International Edition
| No. | Title | Writer(s) | Length |
|---|---|---|---|
| 16. | "The Last Words You Said" (Feat. Richard Marx) | Janey Clewer, Richard Marx | 4:12 |
| Total length: |  |  | 59:33 |

Eden & Time to Say Goodbye Edition
| No. | Title | Writer(s) | Length |
|---|---|---|---|
| 1. | "Time to Say Goodbye (Con te partirò)" (Feat.

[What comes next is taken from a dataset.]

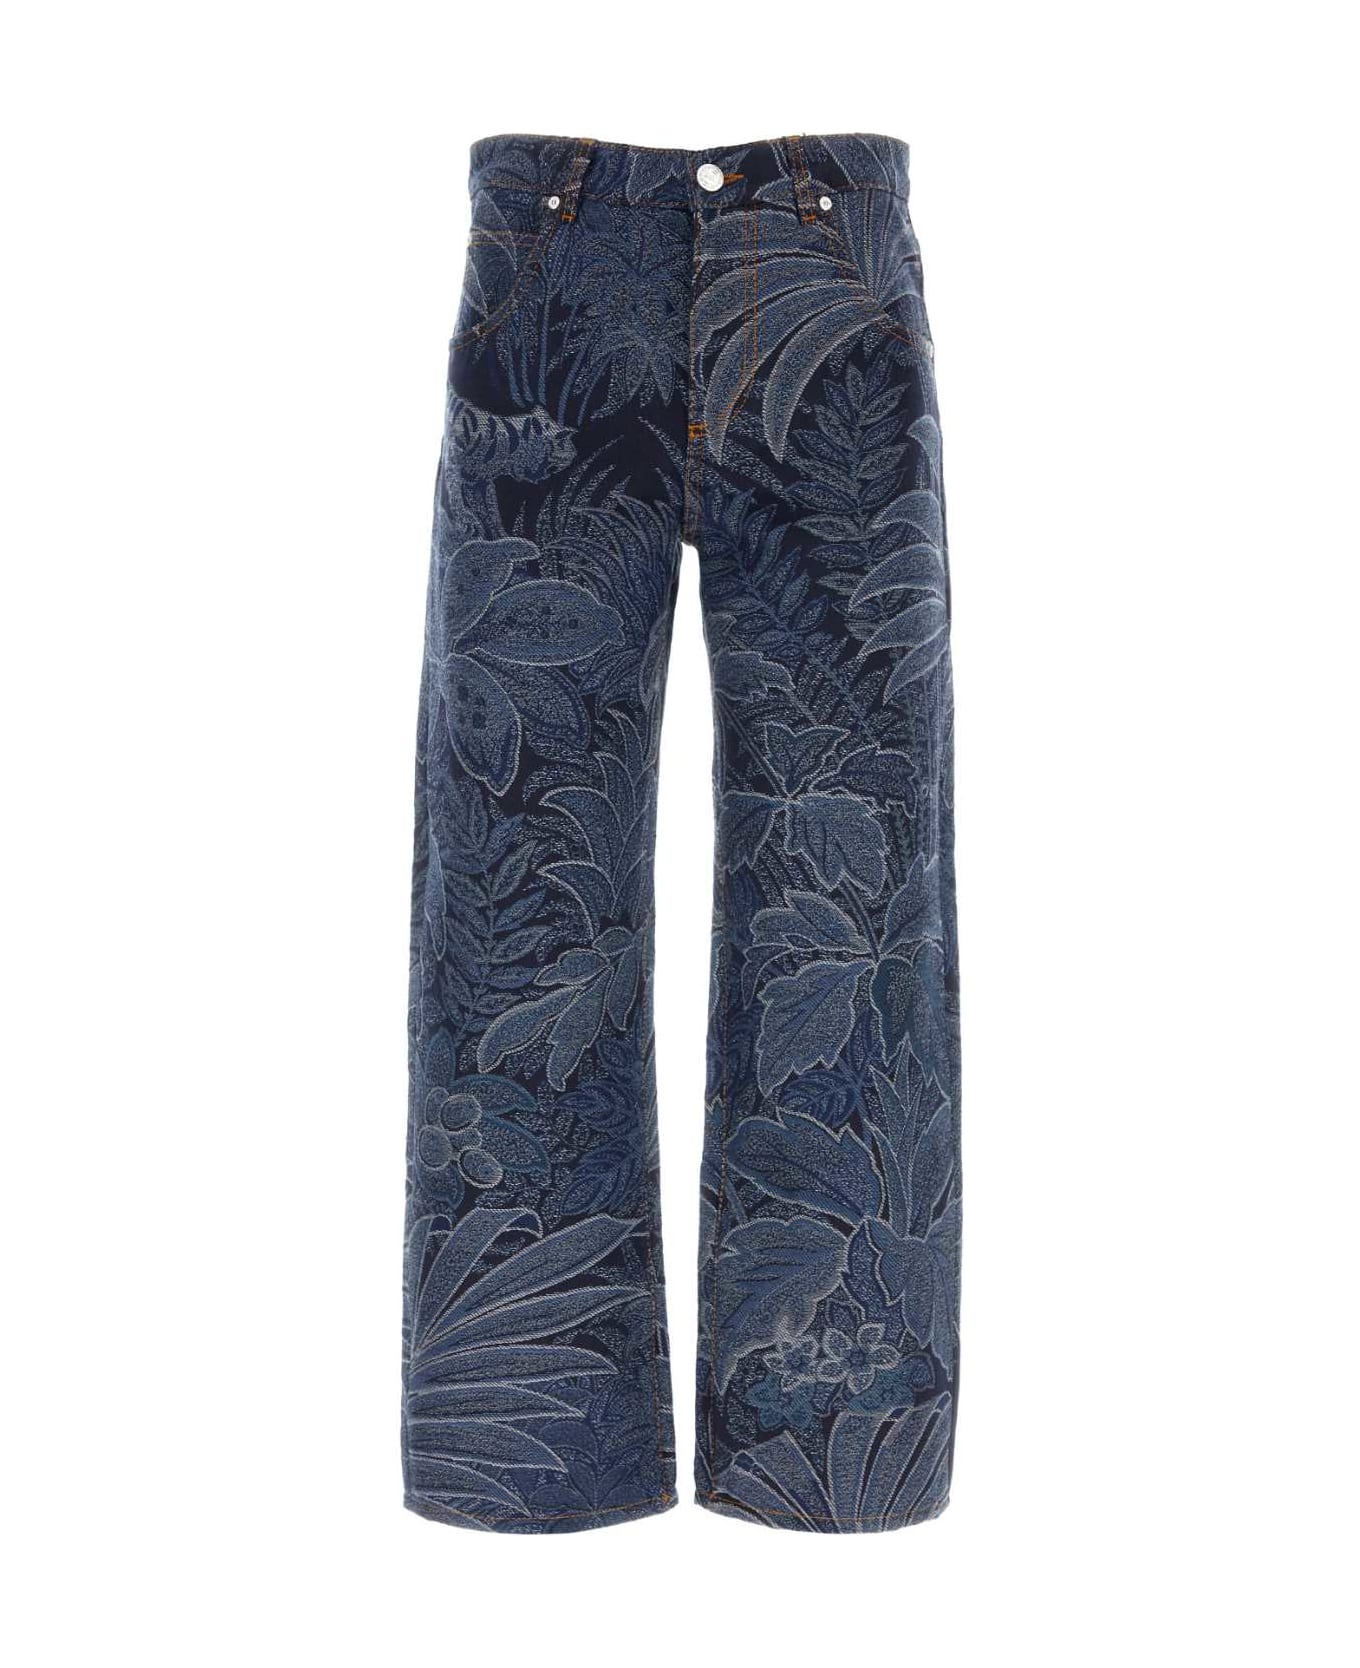 Etro Embroidered Denim Jeans - 250 ボトムス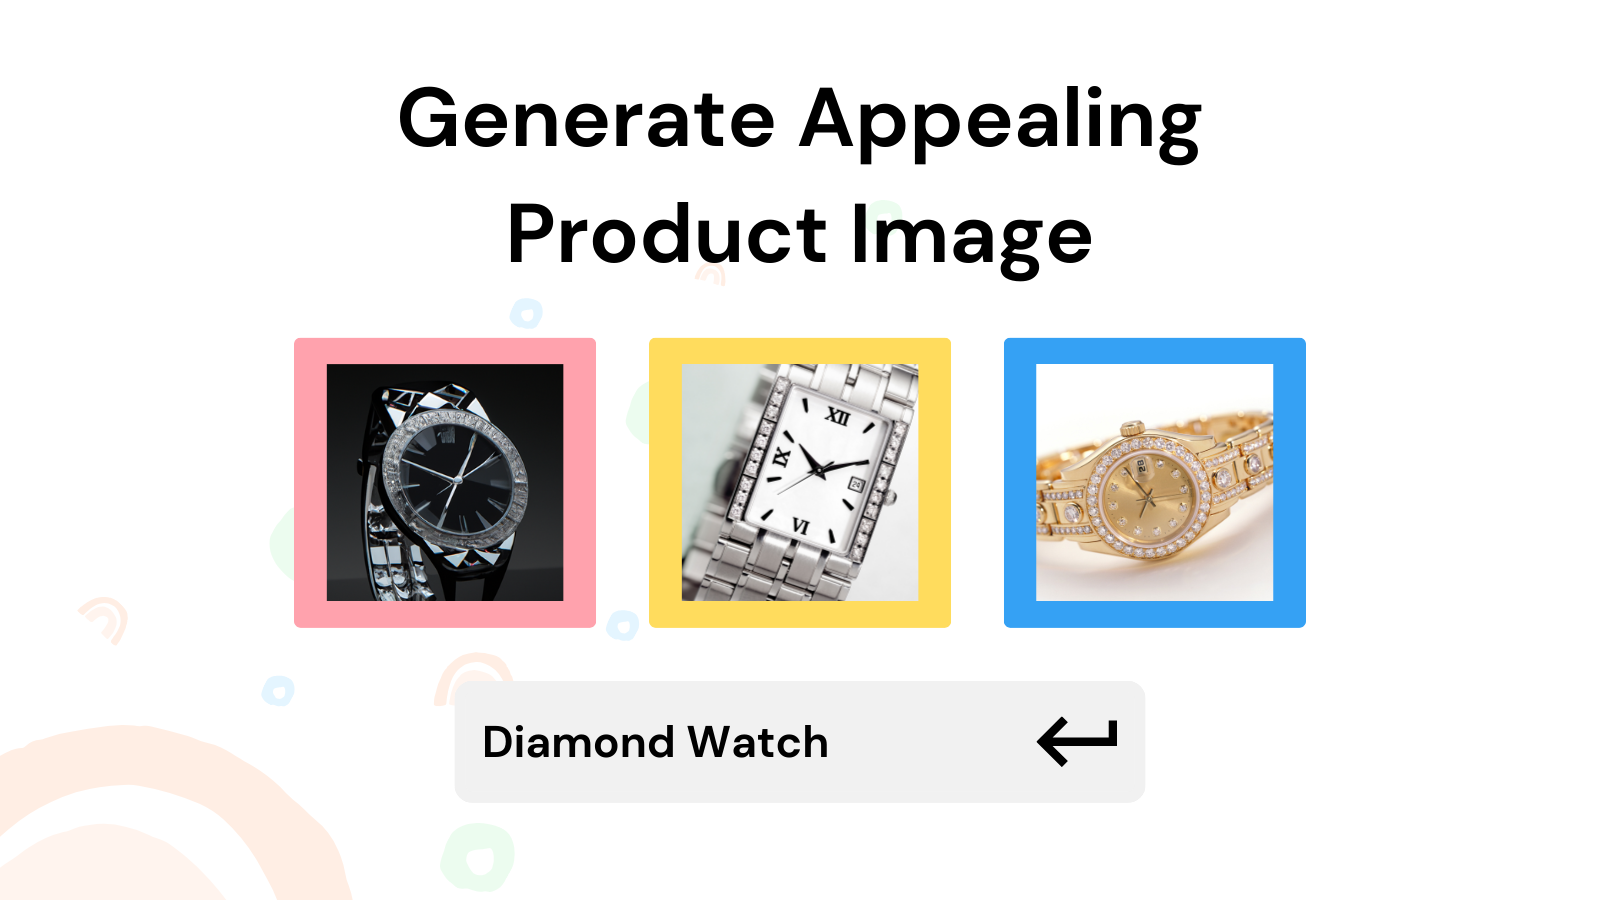 Generate appealing product image

Andrea Bocelli) | Francesco Sartori, Lucio Quarantotto | 4:08 |
| 2. | "Sleep Tight" (Previously Unreleased) |  | 3:37 |
| 3. | "You Take My Breath Away" | Peterson, Brightman | 7:11 |
| 4. | "Time to Say Goodbye (Con te partirò)" (Sarah's Intimate Version) | Sartori/Quarantotto | 4:08 |
| 5. | "Desert Rose" |  | 2:08 |
| Total length: |  |  | 21:13 |

VCD Edition – US Audiophile Edition
| No. | Title | Length |
|---|---|---|
| 1. | "Eden" (Music Video) | 3:59 |
| 2. | "Deliver Me" (Music Video) | 4:00 |
| 3. | "Who Wants to Live Forever" (Music Video) | 3:56 |
| 4. | "Artist Interview" | 10:00 |
| Total length: |  | 21:57 |

VCD Edition – Live in Taipei
| No. | Title | Length |
|---|---|---|
| 1. | "Il Mio Cuore Va" (Live Performance) | 5:42 |
| 2. | "So Many Things" (Live Performance) | 4:02 |
| 3. | "Eden" (Live Performance) | 4:53 |
| 4. | "Anytime, Anywhere" (Live Performance) | 3:57 |
| 5. | "Only An Ocean Away" (Live Performance) | 6:25 |
| Total length: |  | 23:79 |

==Singles==
- "Eden" (1998)
- "Deliver Me" (1999)
- "So Many Things" (1999)
- "The Last Words You Said" (1999)
- "Dust in the Wind" (1999)

==Charts==

Weekly chart performance for Eden
| Chart (1998–99) | Peak position |
|---|---|
| Austrian Albums (Ö3 Austria) | 9 |
| Canada Top Albums/CDs (RPM) | 10 |
| Danish Albums (Hitlisten) | 10 |
| Dutch Albums (Album Top 100) | 43 |
| Finnish Albums (Suomen virallinen lista) | 13 |
| German Albums (Offizielle Top 100) | 34 |
| New Zealand Albums (RMNZ) | 6 |
| Norwegian Albums (VG-lista) | 6 |
| Swedish Albums (Sverigetopplistan) | 2 |
| US Billboard 200 | 65 |
| US Top Classical Albums (Billboard) | 1 |

==Certifications==

| Region | Certification | Certified units/sales |
| Argentina (CAPIF) | Gold | 30,000^{^} |
| Brazil (Pro-Música Brasil) | Gold | 100,000^{*} |
| Canada (Music Canada) | Platinum | 100,000^{^} |
| Denmark (IFPI Danmark) | Platinum | 50,000^{^} |
| Norway (IFPI Norway) | Platinum | 50,000^{*} |
| Sweden (GLF) | Platinum | 80,000^{^} |
| South Korea | — | 38,878 |
| United States (RIAA) | Gold | 500,000^{^} |
^{*} Sales figures based on certification alone. ^{^} Shipments figures based on certification alone.